Start of Record set

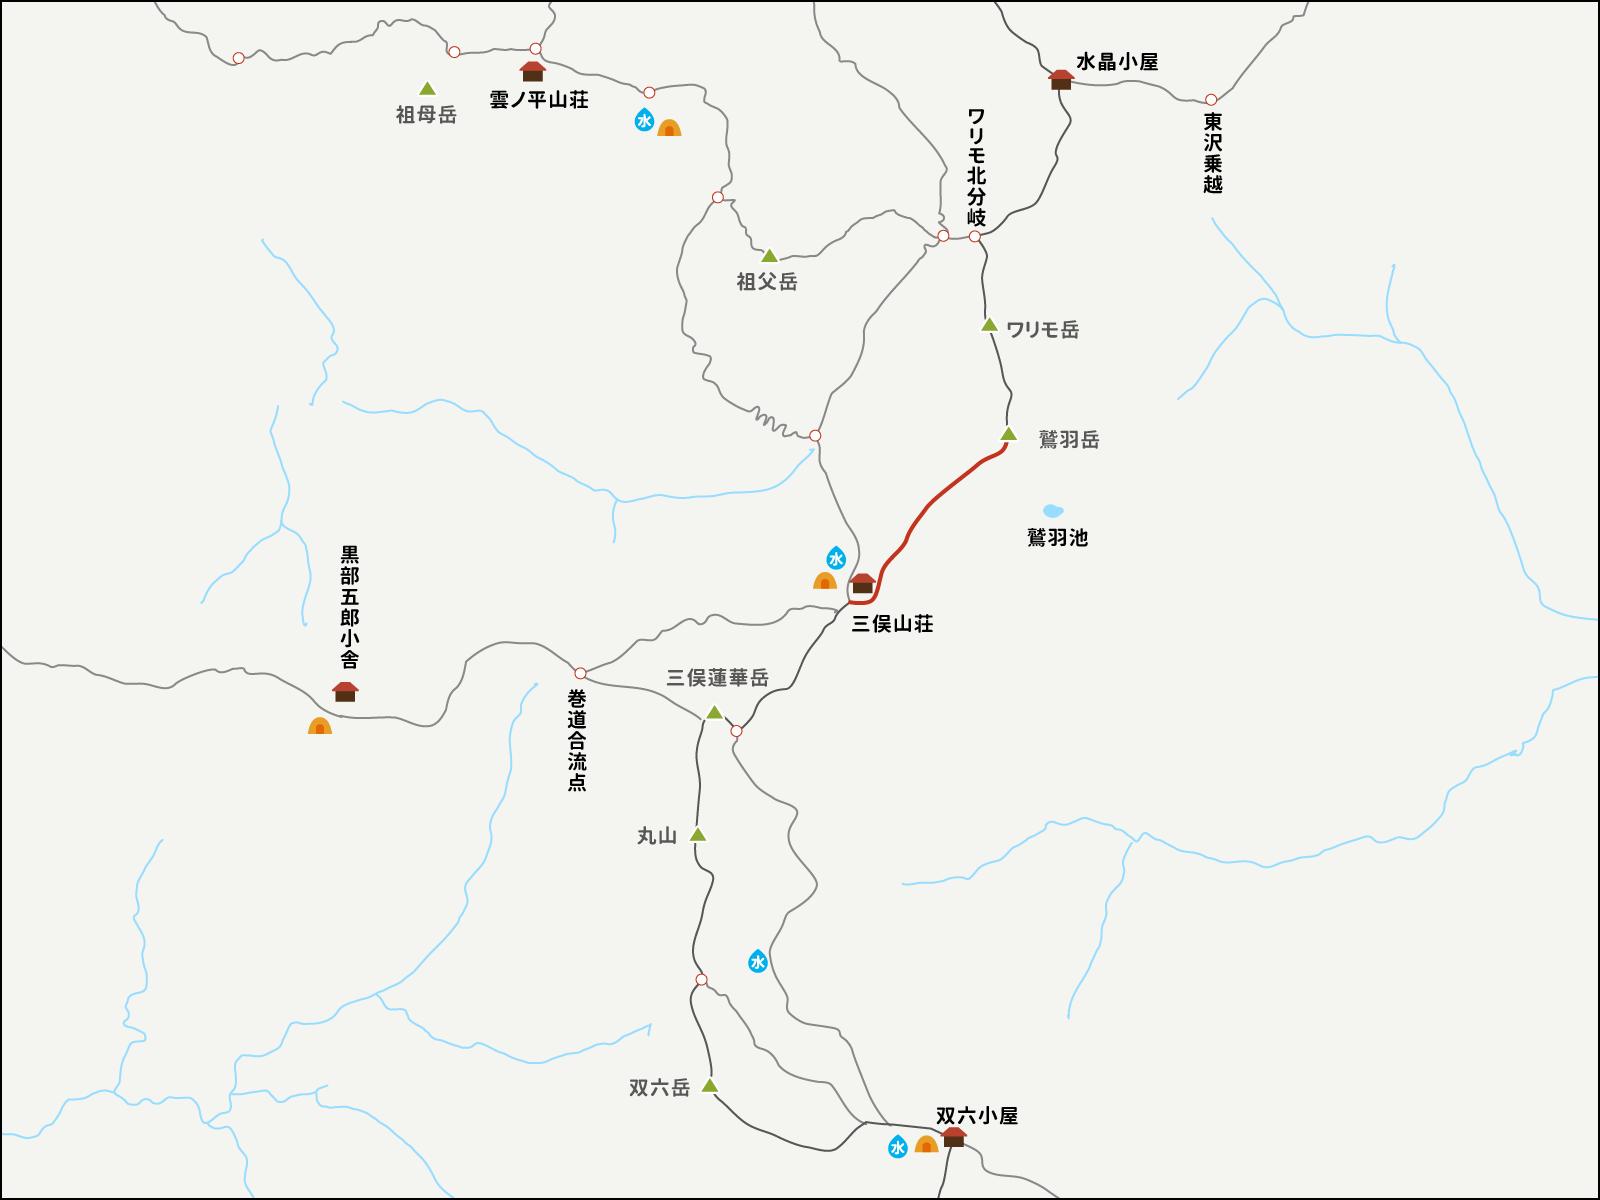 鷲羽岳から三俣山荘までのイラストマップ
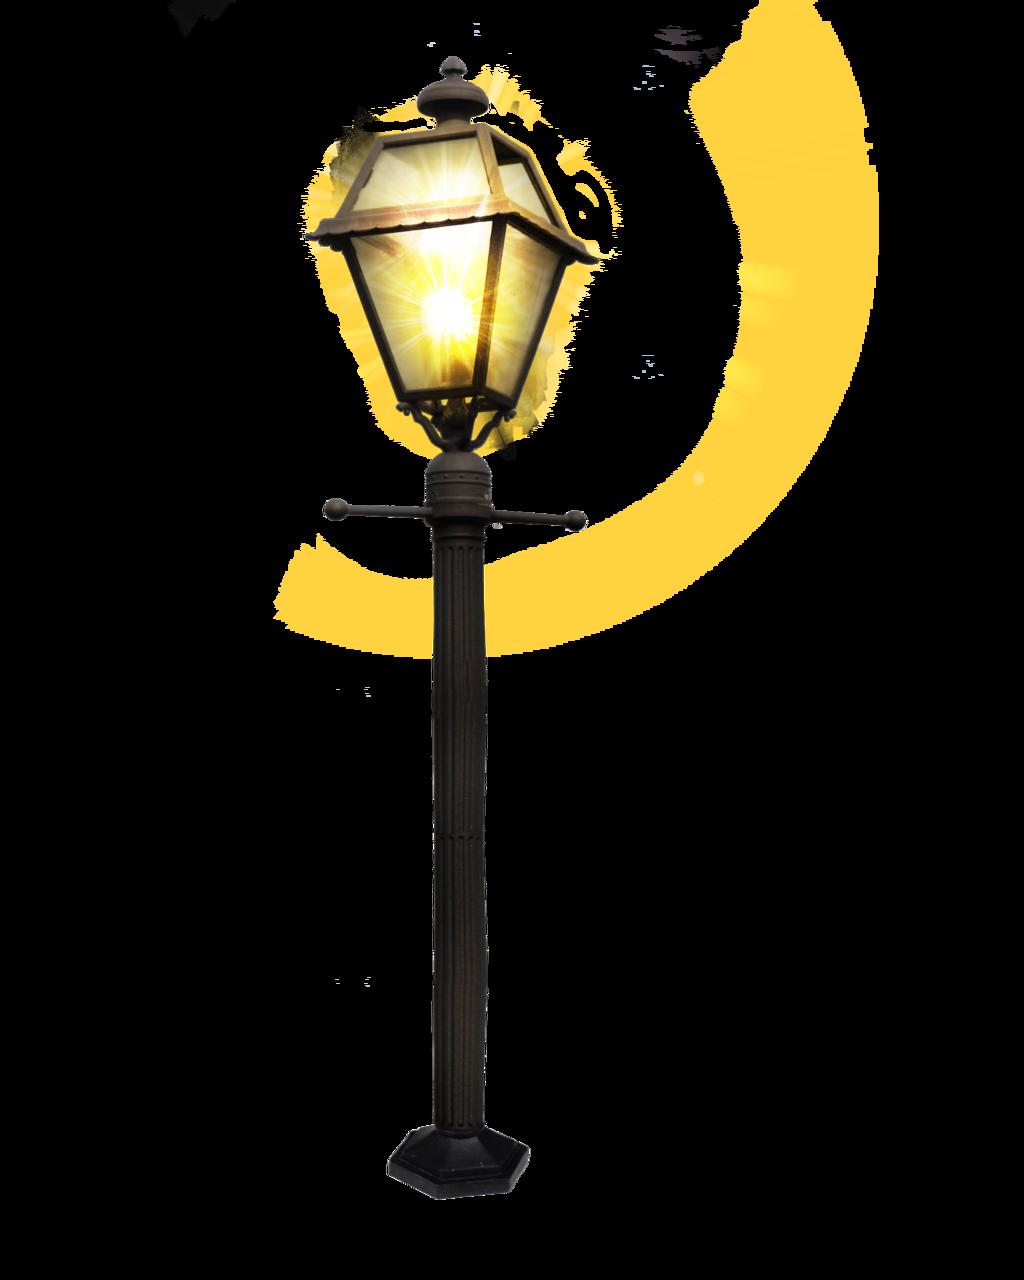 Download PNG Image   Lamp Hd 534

End of Record set
Start of Record set

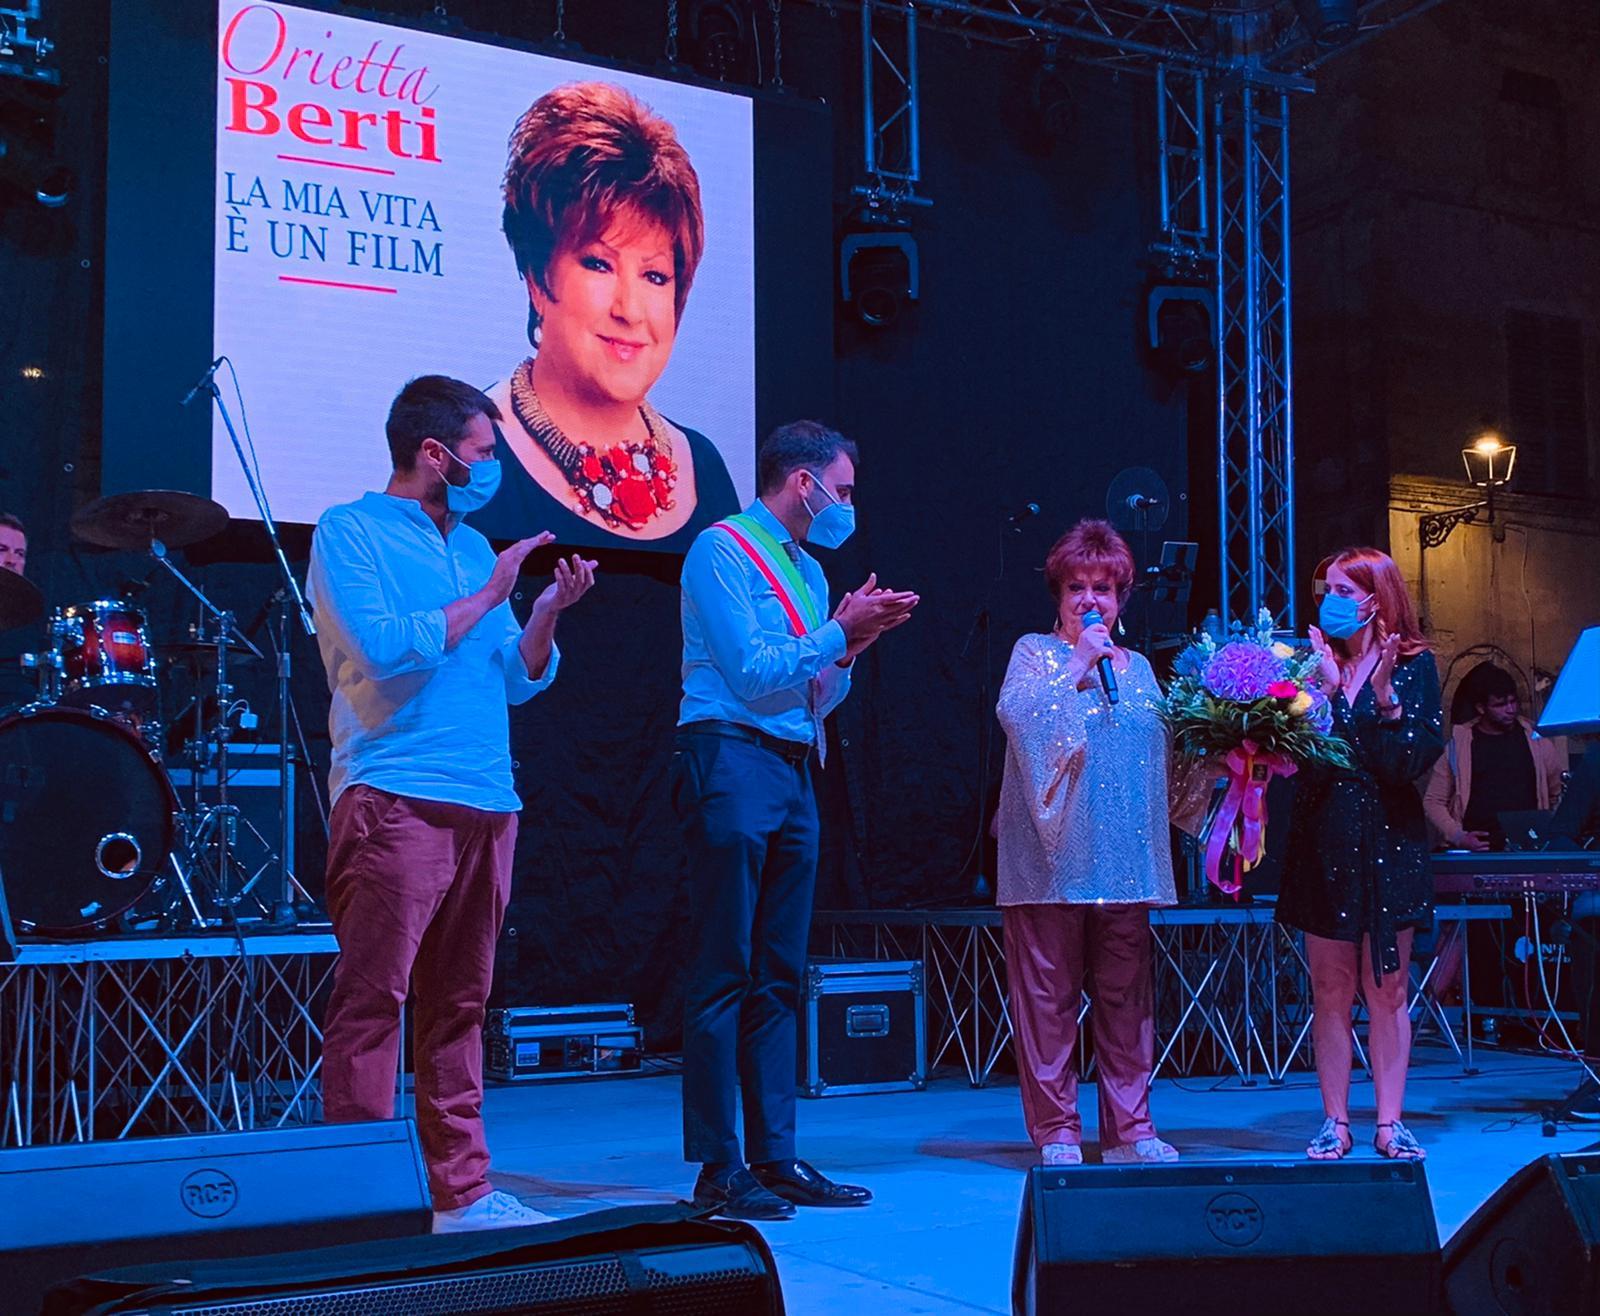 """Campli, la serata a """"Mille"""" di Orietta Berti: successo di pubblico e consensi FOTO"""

End of Record set

The answer is the lines above from the one with "鷲羽岳から三俣山荘までのイラストマップ" to the one with "Download PNG Image", set down exactly, with no pictures.

* [Answer to the problem]
 鷲羽岳から三俣山荘までのイラストマップ
 Download PNG Image   Lamp Hd 534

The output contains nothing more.